● **DATA PROVIDED**:
== == ==

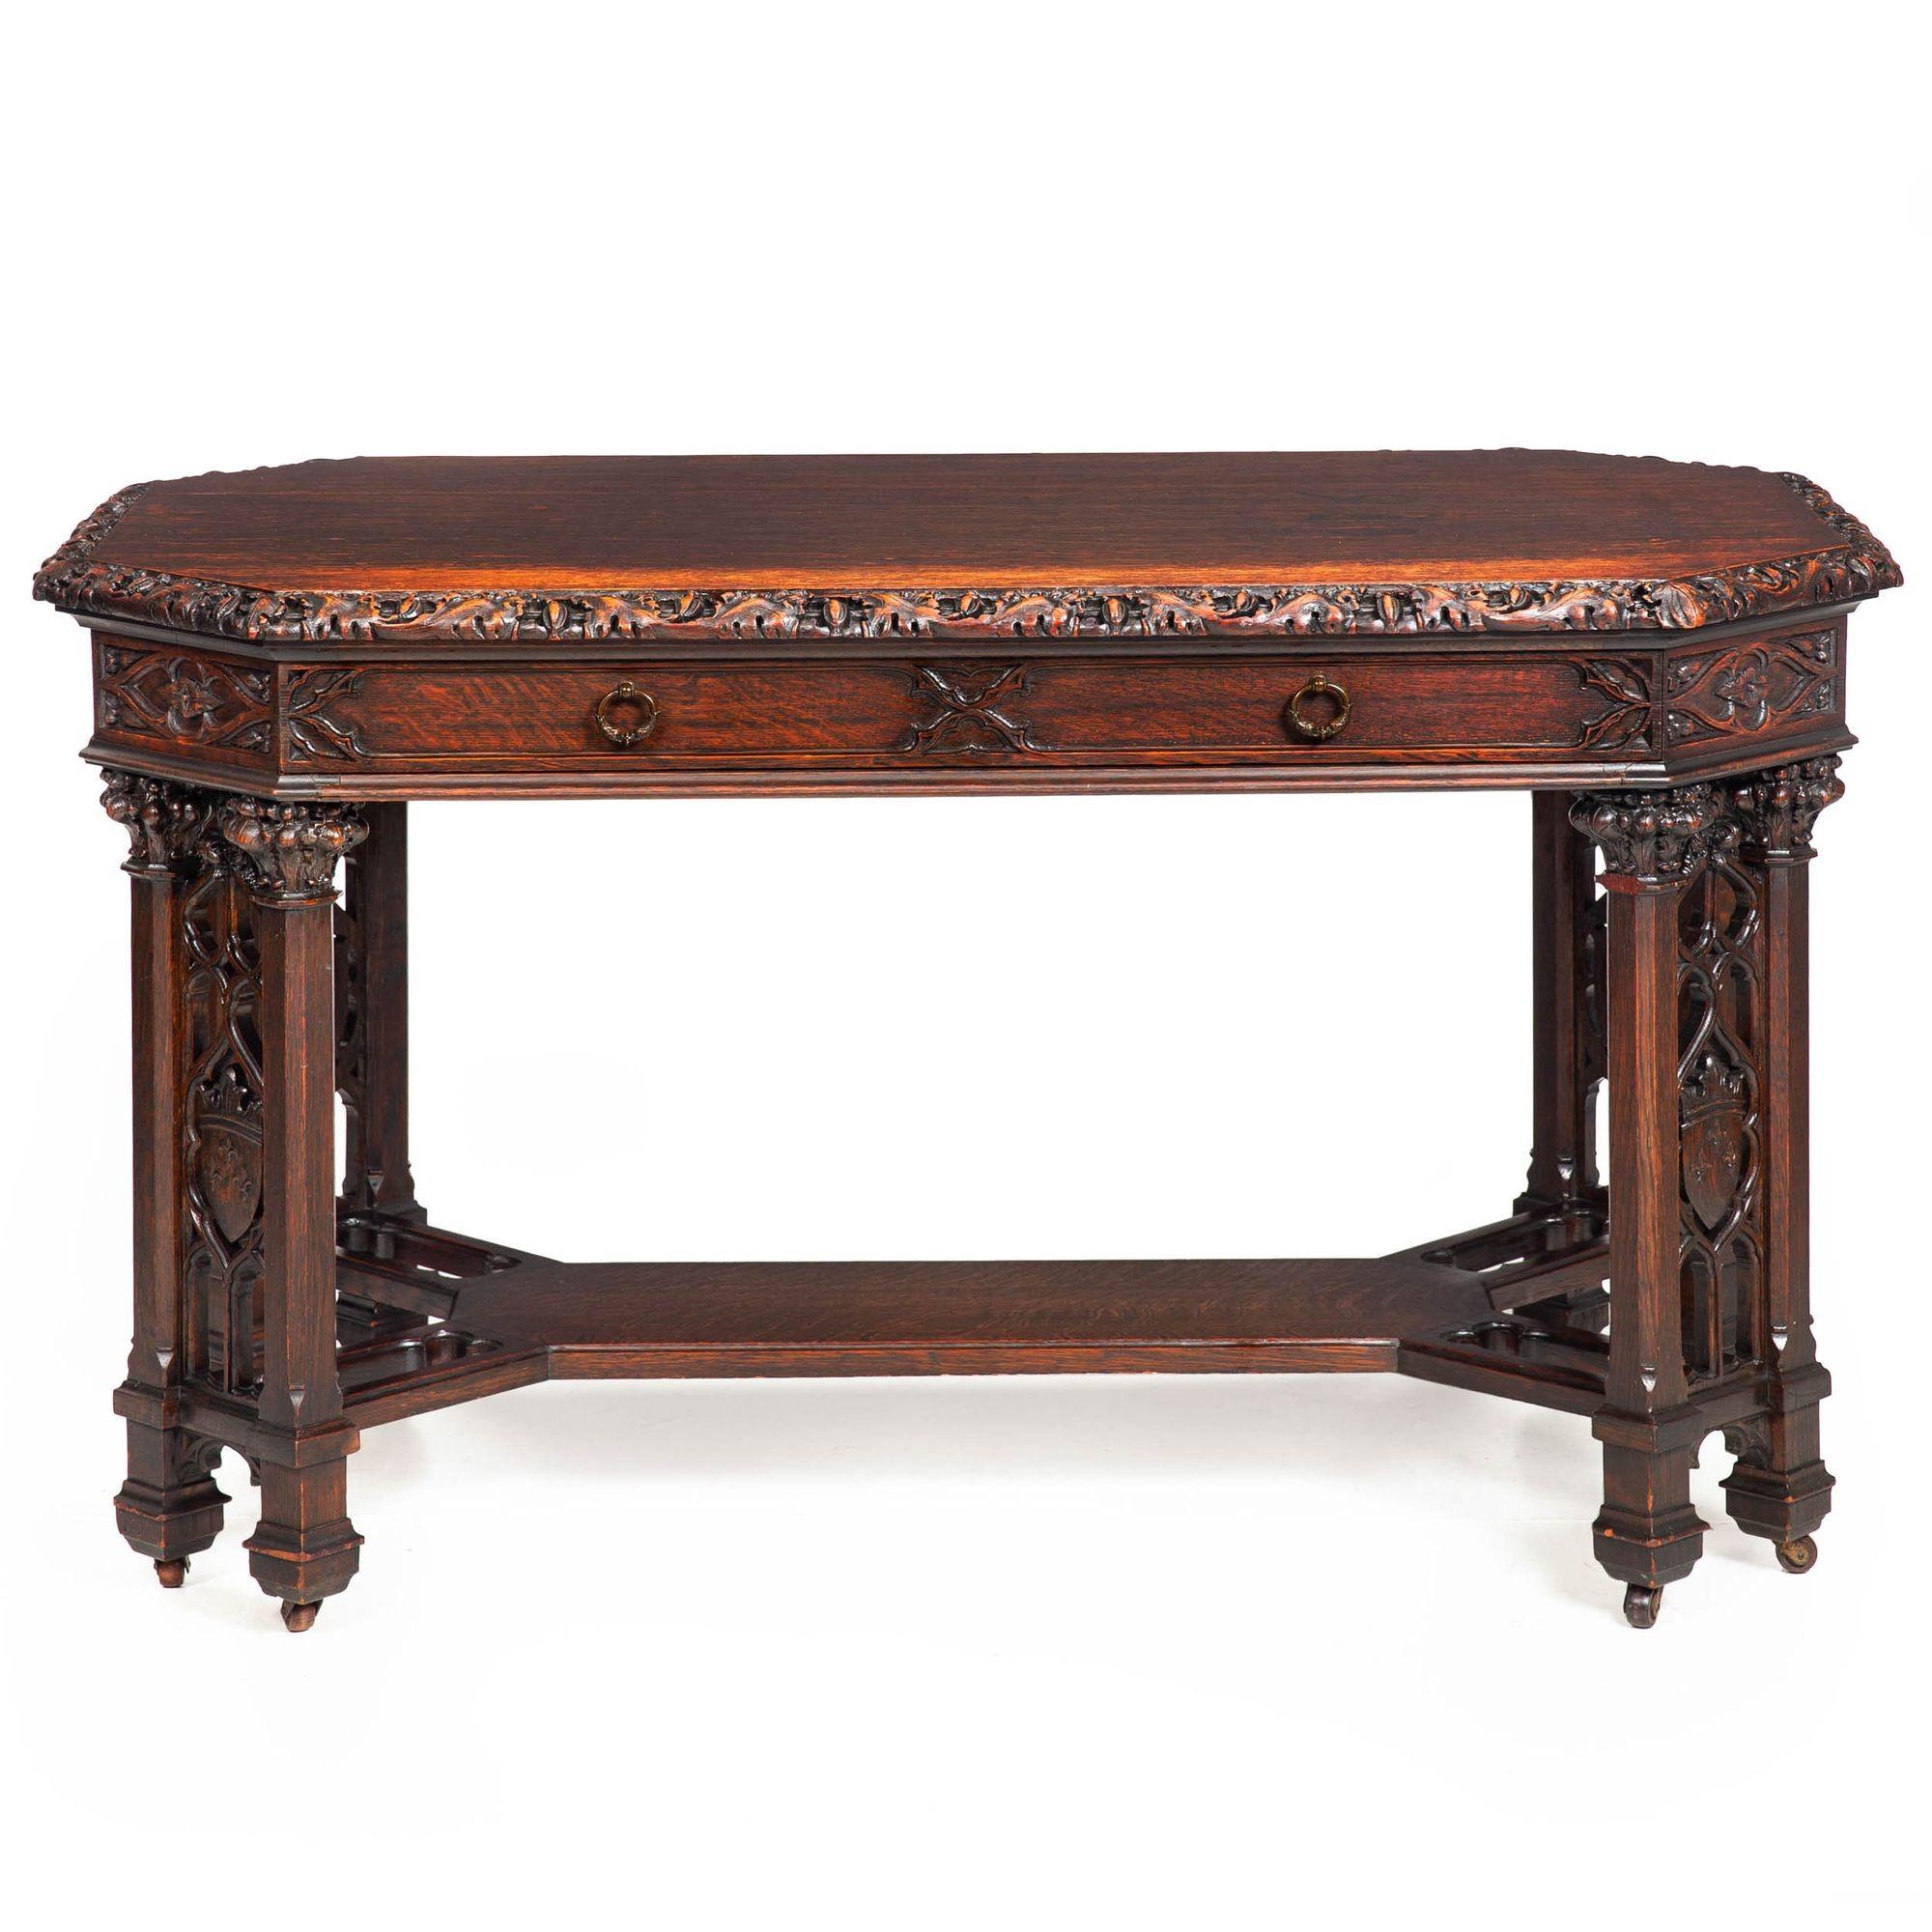 NEO-GOTHIC CARVED OAK-LEAF WRITING TABLE
England, ca. 1880
Item # 311PZH09A

A brilliant library writing table from the last quarter of the 19th century, this vividly carved and intelligently conceived design features primary surfaces of oak and oak

== == ==

Return each line above word for word. Skip the pictures.

● **RESPONSE**:
 NEO-GOTHIC CARVED OAK-LEAF WRITING TABLE
England, ca. 1880
Item # 311PZH09A

A brilliant library writing table from the last quarter of the 19th century, this vividly carved and intelligently conceived design features primary surfaces of oak and oak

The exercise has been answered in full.